Max Planck Institute for the Science of Human History, Kahlaische Str. 10, 07745, Jena, Germany.
Max Planck Institute for Evolutionary Anthropology, Deutscher Platz 6, 04103, Leipzig, Germany.
Behav Res Methods. 2022 Apr;54(2):864-884. doi: 10.3758/s13428-021-01650-1. Epub 2021 Aug 6.
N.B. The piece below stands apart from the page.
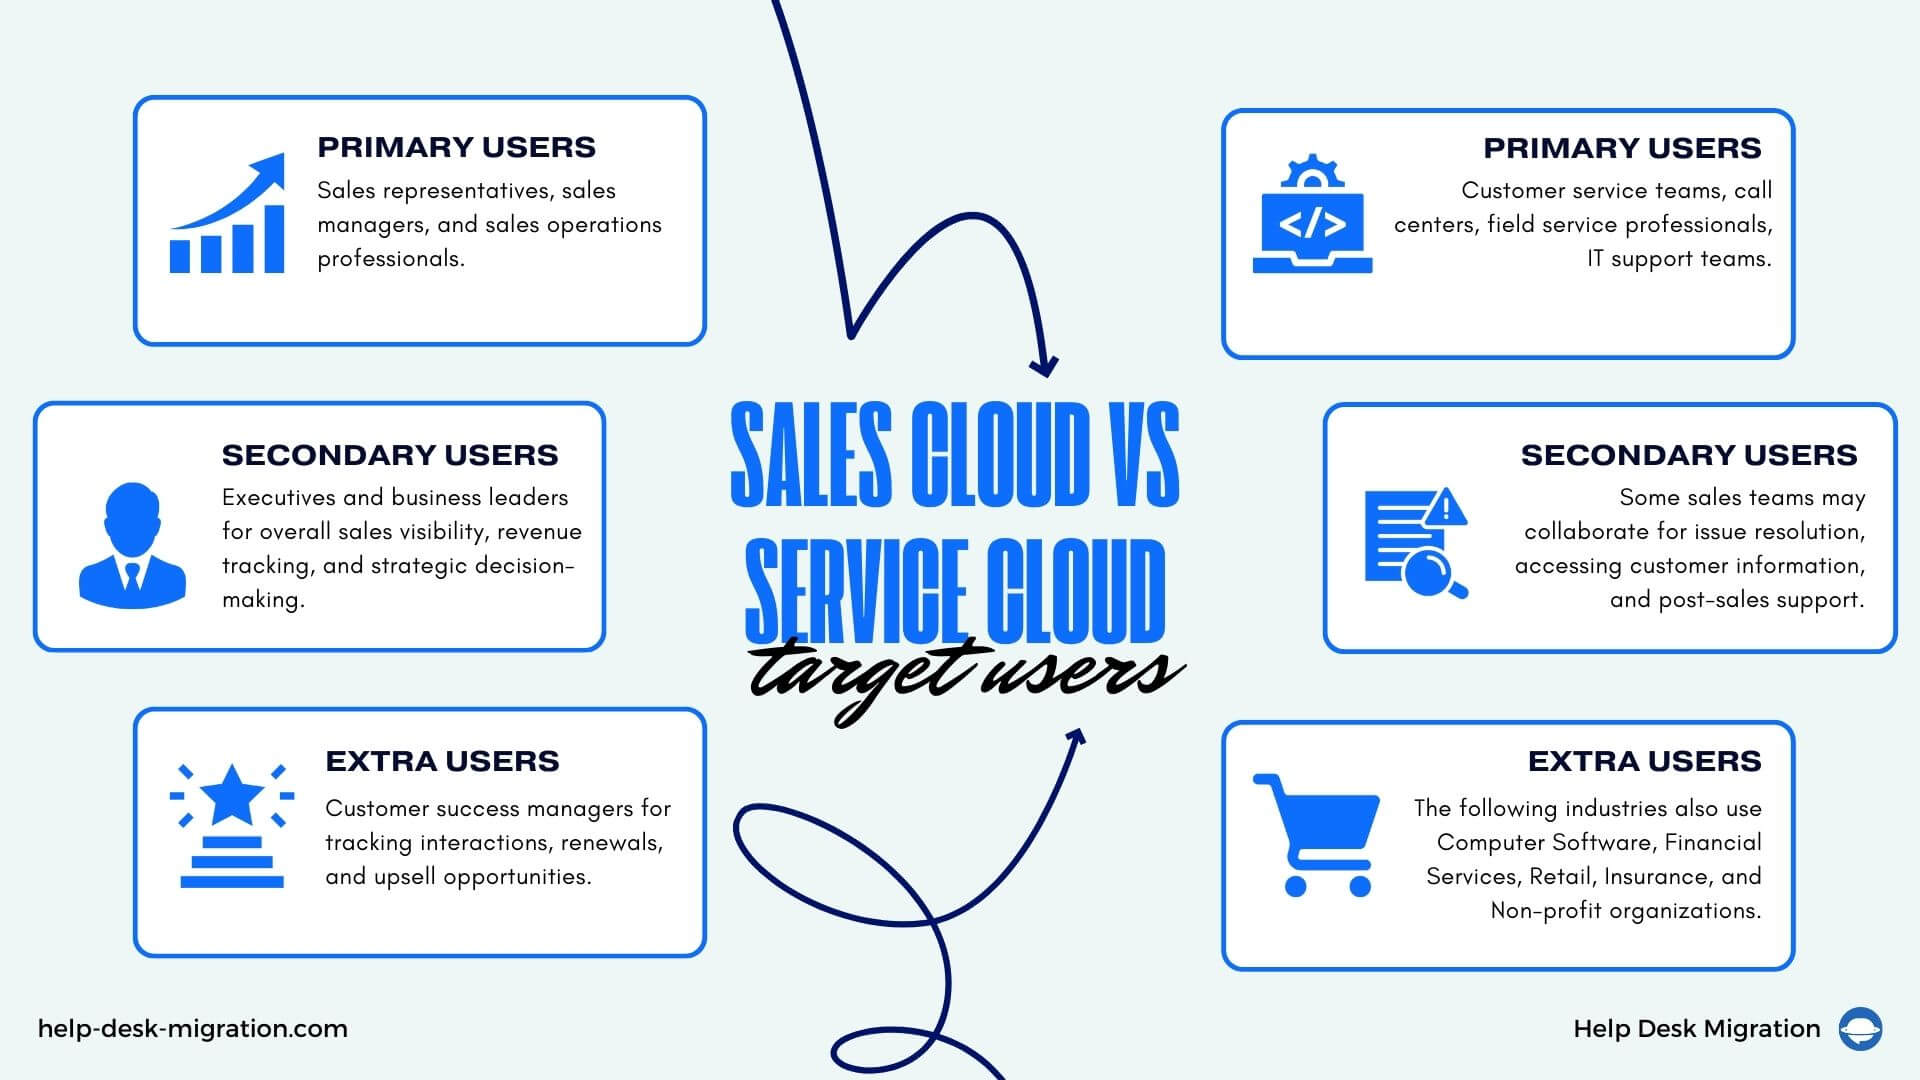 Zielbenutzer von Sales Cloud vs Service Cloud | Help Desk Migration Blog

Psychologists and linguists collect various data on word and concept properties. In psychology, scholars have accumulated norms and ratings for a large number of words in languages with many speakers. In linguistics, scholars have accumulated cross-linguistic information about the relations between words and concepts. Until now, however, there have been no efforts to combine information from the two fields, which would allow comparison of psychological and linguistic properties across different languages. The Database of Cross-Linguistic Norms, Ratings, and Relations for Words and Concepts (NoRaRe) is the first attempt to close this gap. Building on a reference catalog that offers standardization of concepts used in historical and typological language comparison, it integrates data from psychology and linguistics, collected from 98 data sets, covering 65 unique properties for 40 languages. The database is curated with the help of manual, automated, semi-automated workflows and uses a software API to control and access the data. The database is accessible via a web application, the software API, or using scripting languages. In this study, we present how the database is structured, how it can be extended, and how we control the quality of the data curation process. To illustrate its application, we present three case studies that test the validity of our approach, the accuracy of our workflows, and the integrative potential of the database. Due to regular version updates, the NoRaRe database has the potential to advance research in psychology and linguistics by offering researchers an integrated perspective on both fields.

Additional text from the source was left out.